Let's see, what else is there?

Sorry for the public crying jag.

I really want to say that life is beautiful.

Have I said that before?

NEXT!

So, having abandoned hope of absolute originality, let me say something about the setting in which I find myself. The world seems happy. The world seems full of kindness. The world is a likeable planet.

Also, I've begun reading, in addition to approximately 15 other books I'm reading, Reading Lolita in Tehran. I read it so far as a warning to revolutionaries everywhere to abandon purism and short-sighted anhedonism. I can certainly imagine that what happened in Iran 30 odd years ago could happen here, especially the defeat of alternative-lifestyle movements and groups and individuals.
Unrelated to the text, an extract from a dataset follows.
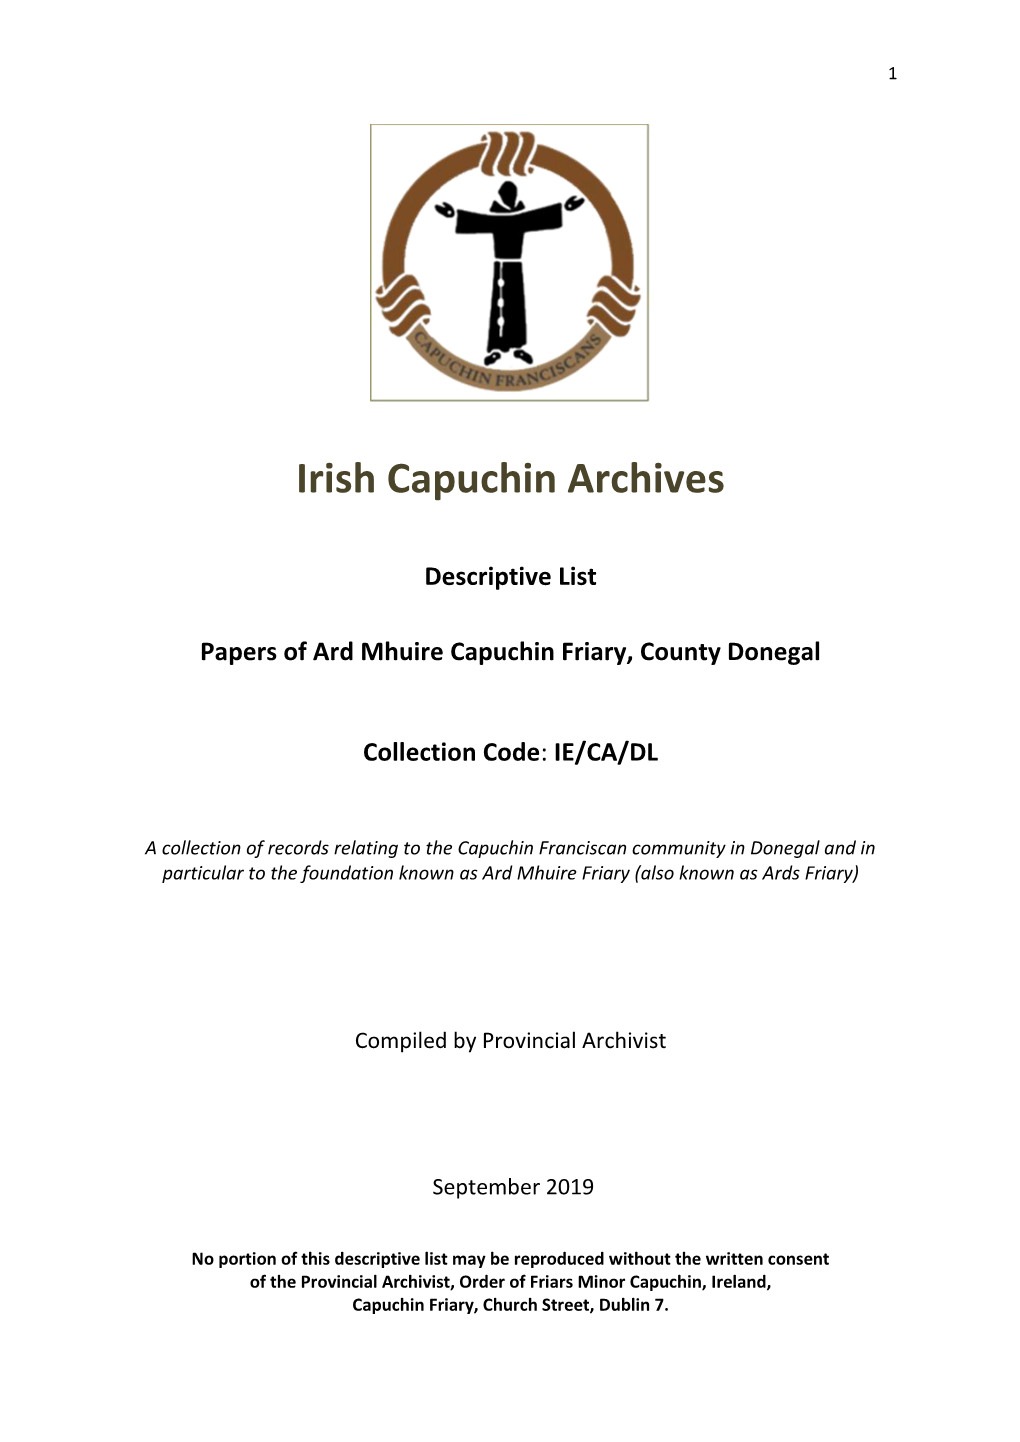 12. Papers of Ard Mhuire Capuchin Friary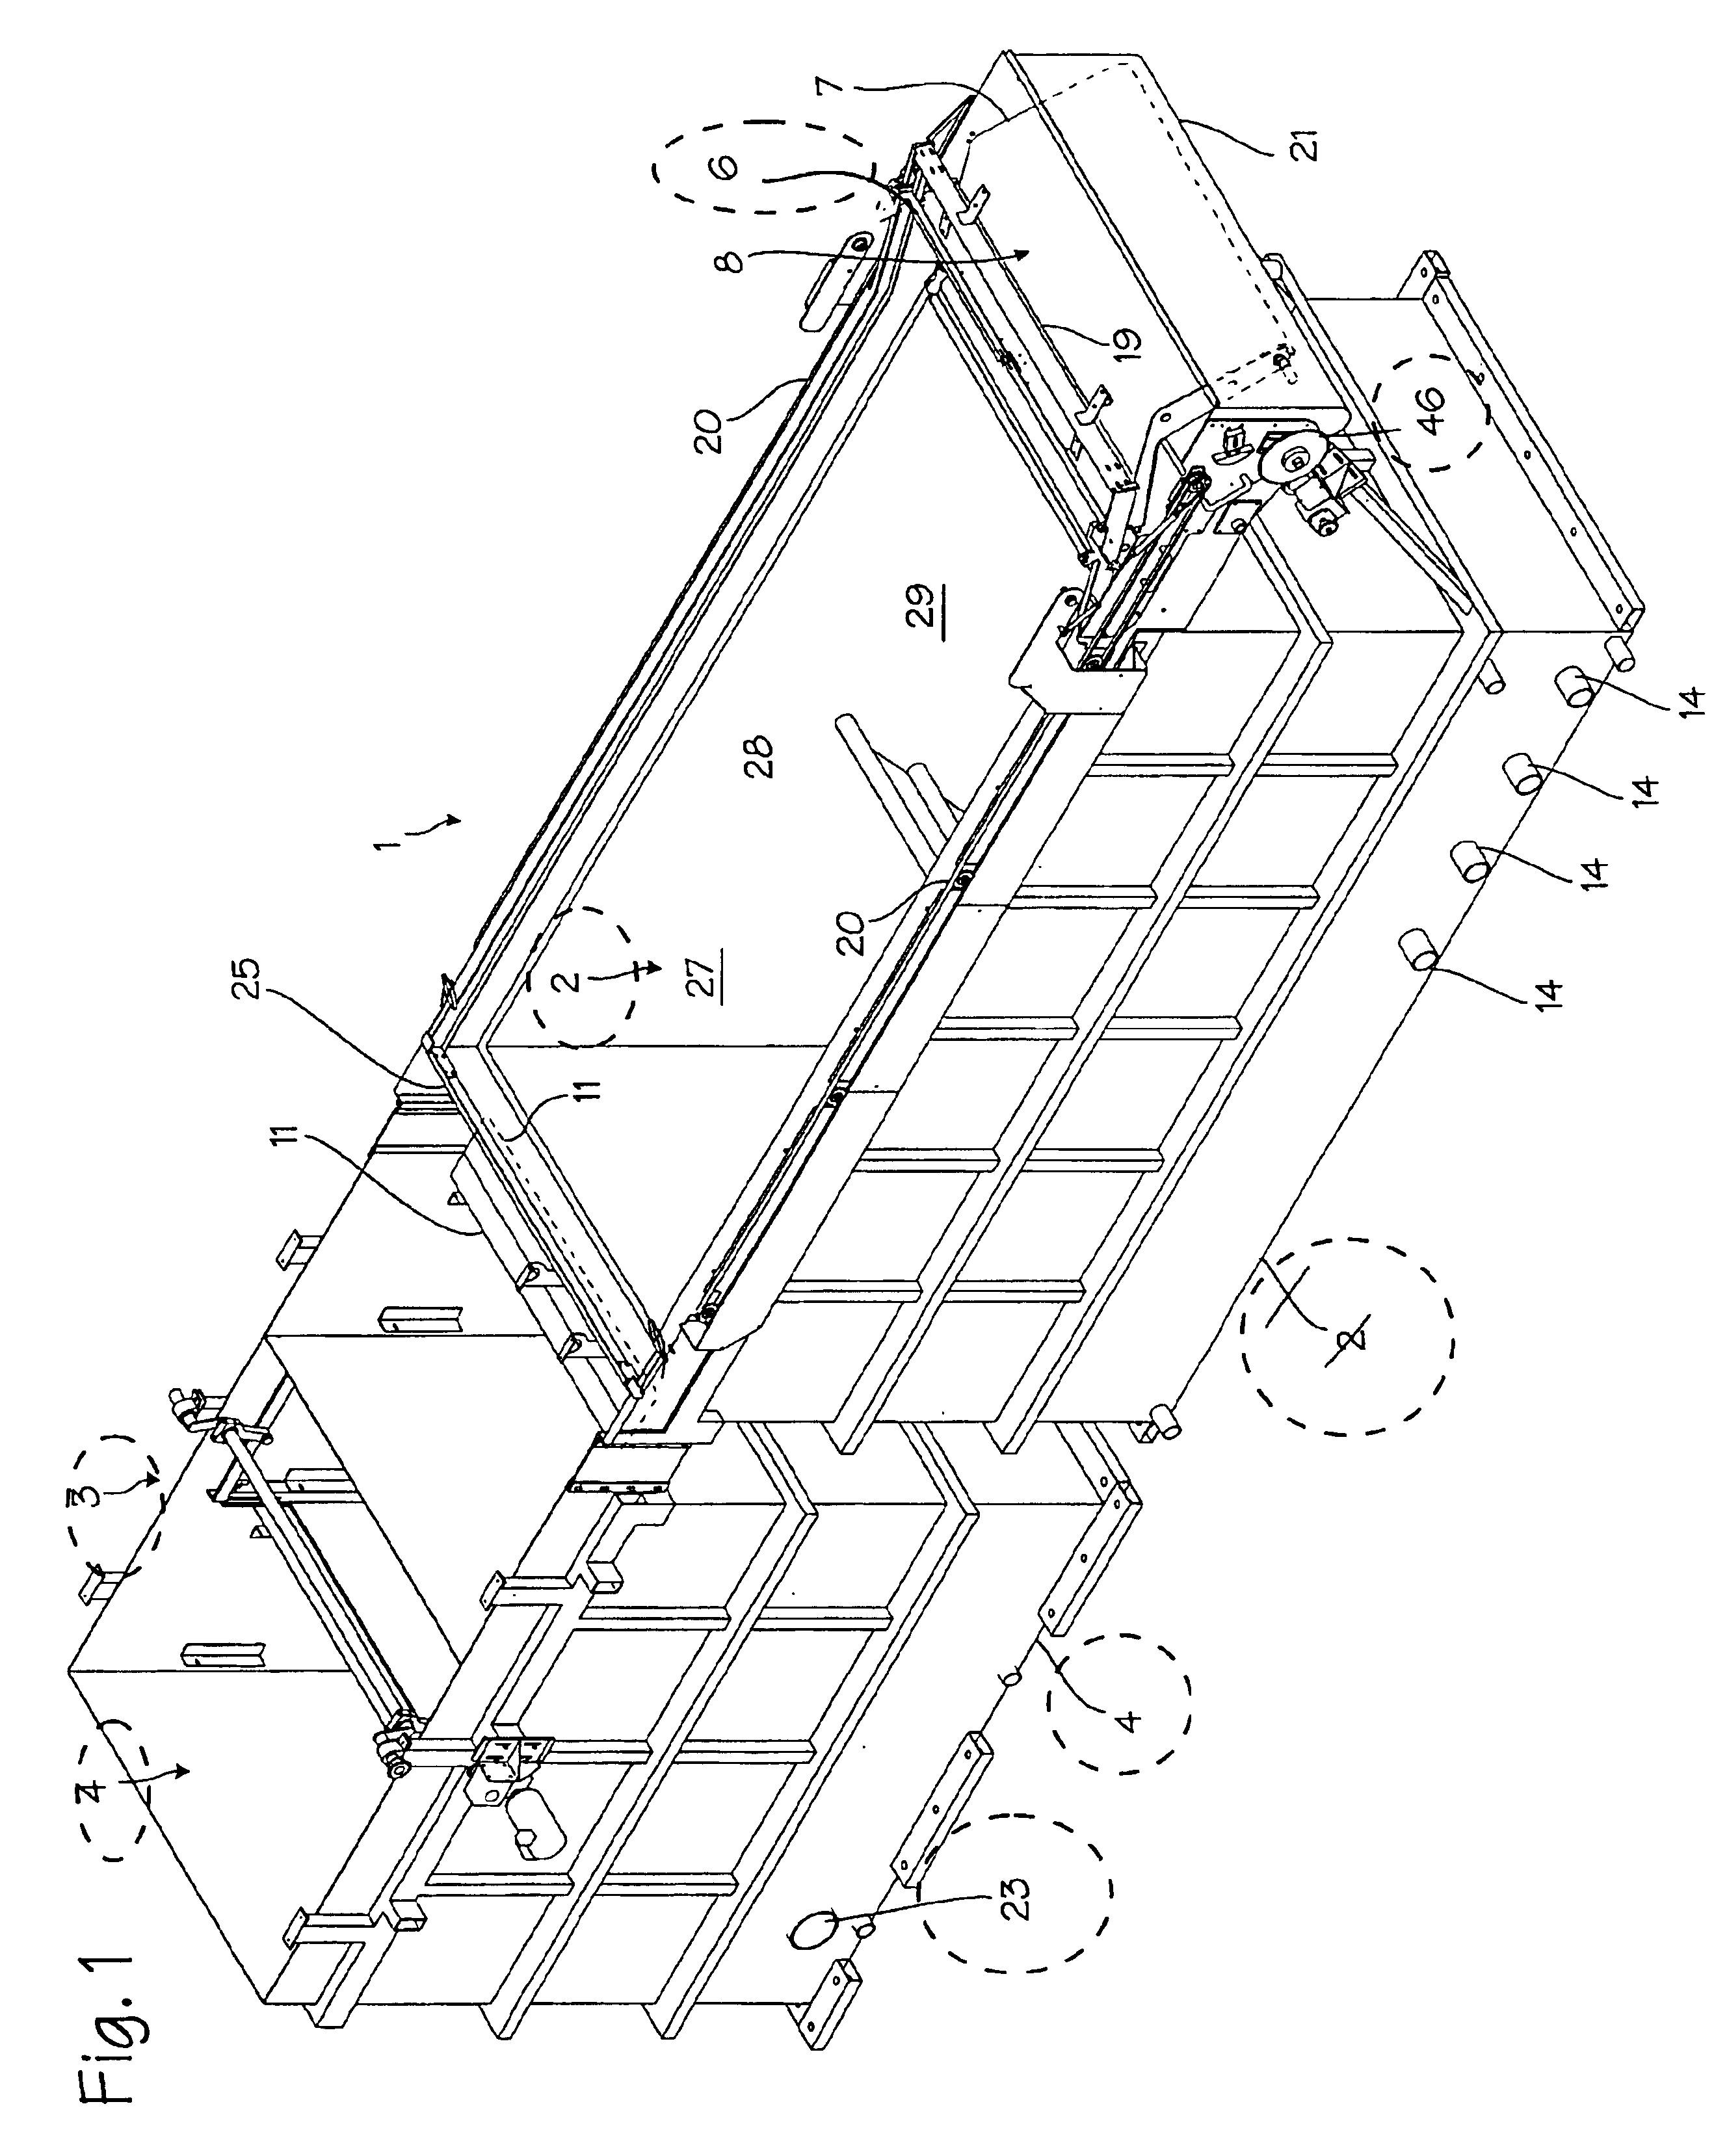 Self contained dissolved air flotation system

It is also a reminder and a warning ( to me) that belief in the power of literature and the imagination are necessary but perhaps not sufficient when battling a reactionary state is involved. I know that writing can be inspirational but it can't alone change what life appears to be becoming.

BE Careful.

Love,

c*

Tuesday, March 9, 2010

greetings

pepper in the foam
parents in the foam

Goddess gives a lover

People feel love and I feel a dress.



Pain

Sunday, March 7, 2010

Grateful Dead Poet

Certainly a time to feel satisfaction with some of my accomplishments.

What could those be?

Less paranoia, less depression, less anger, more ease in social and home relationships.

Oh, my new medicine was giving me fast/skipping heartbeats, so I stopped taking it.


* * *


Fame -- I want to live forever!

Since I'm hellbent on obtaining fame, I invite you my readers, to spread the word of my great achievements.

You might want to start with my being alive in the face of all odds, including the ones that weren't my fault. I can love anyone for who they are.

Next:

the emptiness of fame

Tuesday, March 2, 2010

Mean

I challenge anybody, no matter what I have said about them to their face or behind their back to show that my mean streak is worse than theirs.